[Stored data — start]
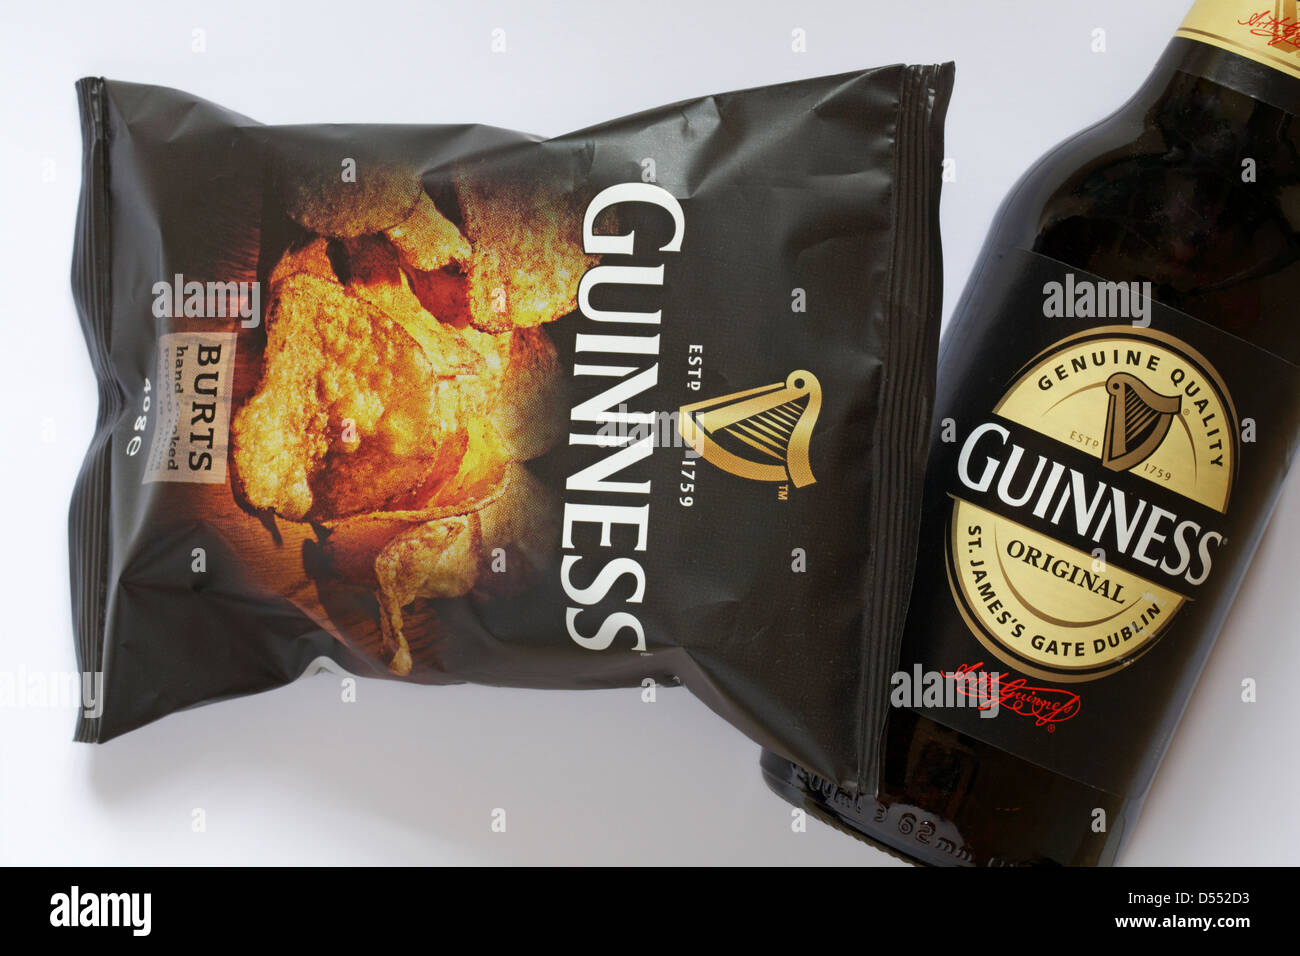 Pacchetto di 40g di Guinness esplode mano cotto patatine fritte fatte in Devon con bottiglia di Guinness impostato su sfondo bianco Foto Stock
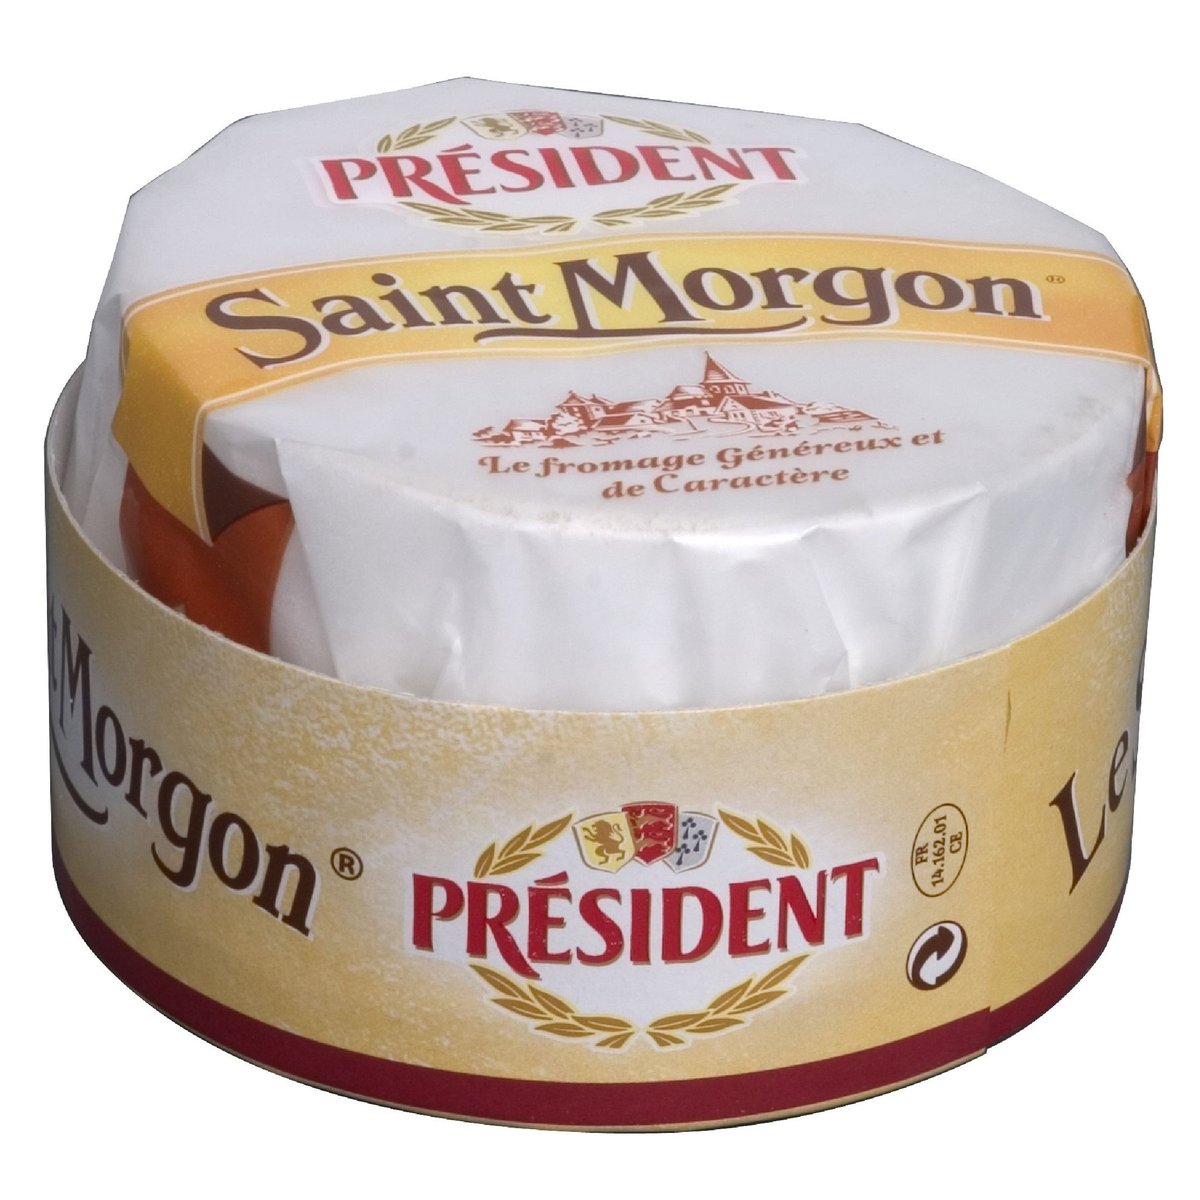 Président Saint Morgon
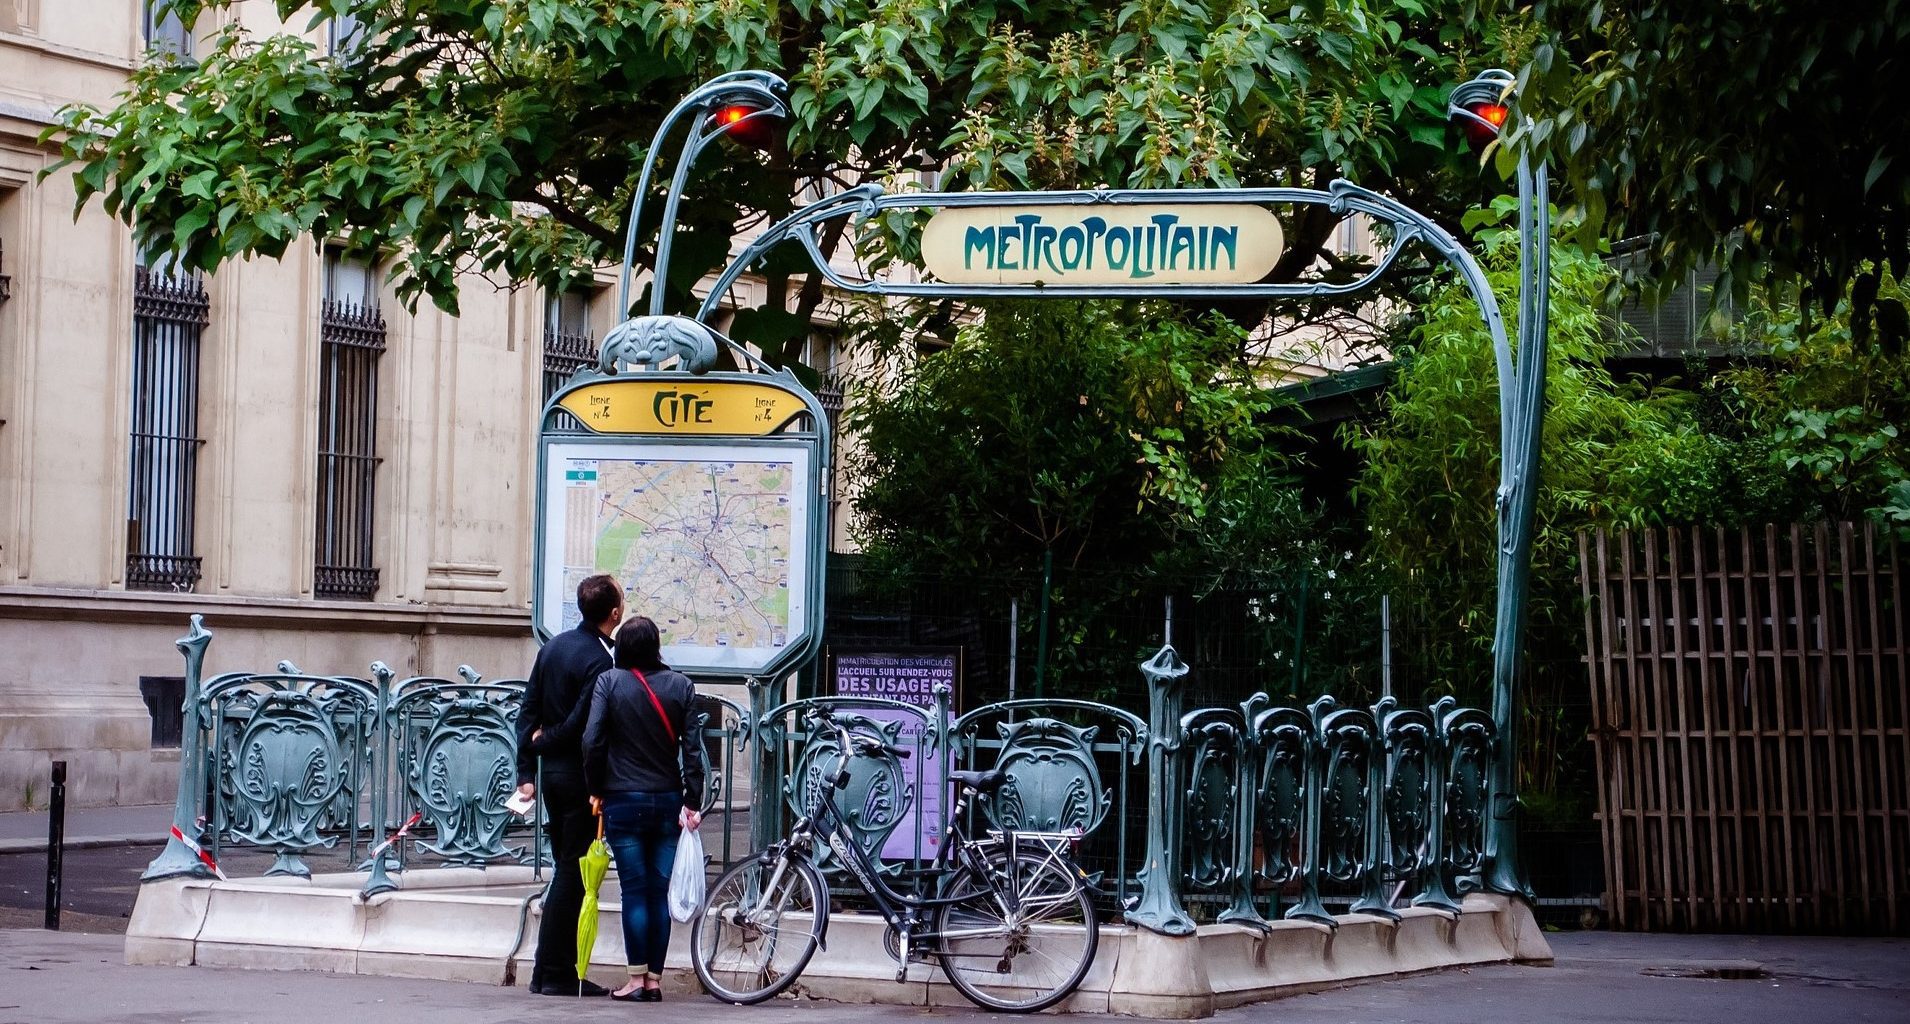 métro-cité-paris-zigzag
[Stored data — finish]
[Work request] Set down the data again, exactly, without images.

[Answer space]
 Pacchetto di 40g di Guinness esplode mano cotto patatine fritte fatte in Devon con bottiglia di Guinness impostato su sfondo bianco Foto Stock
 Président Saint Morgon
 métro-cité-paris-zigzag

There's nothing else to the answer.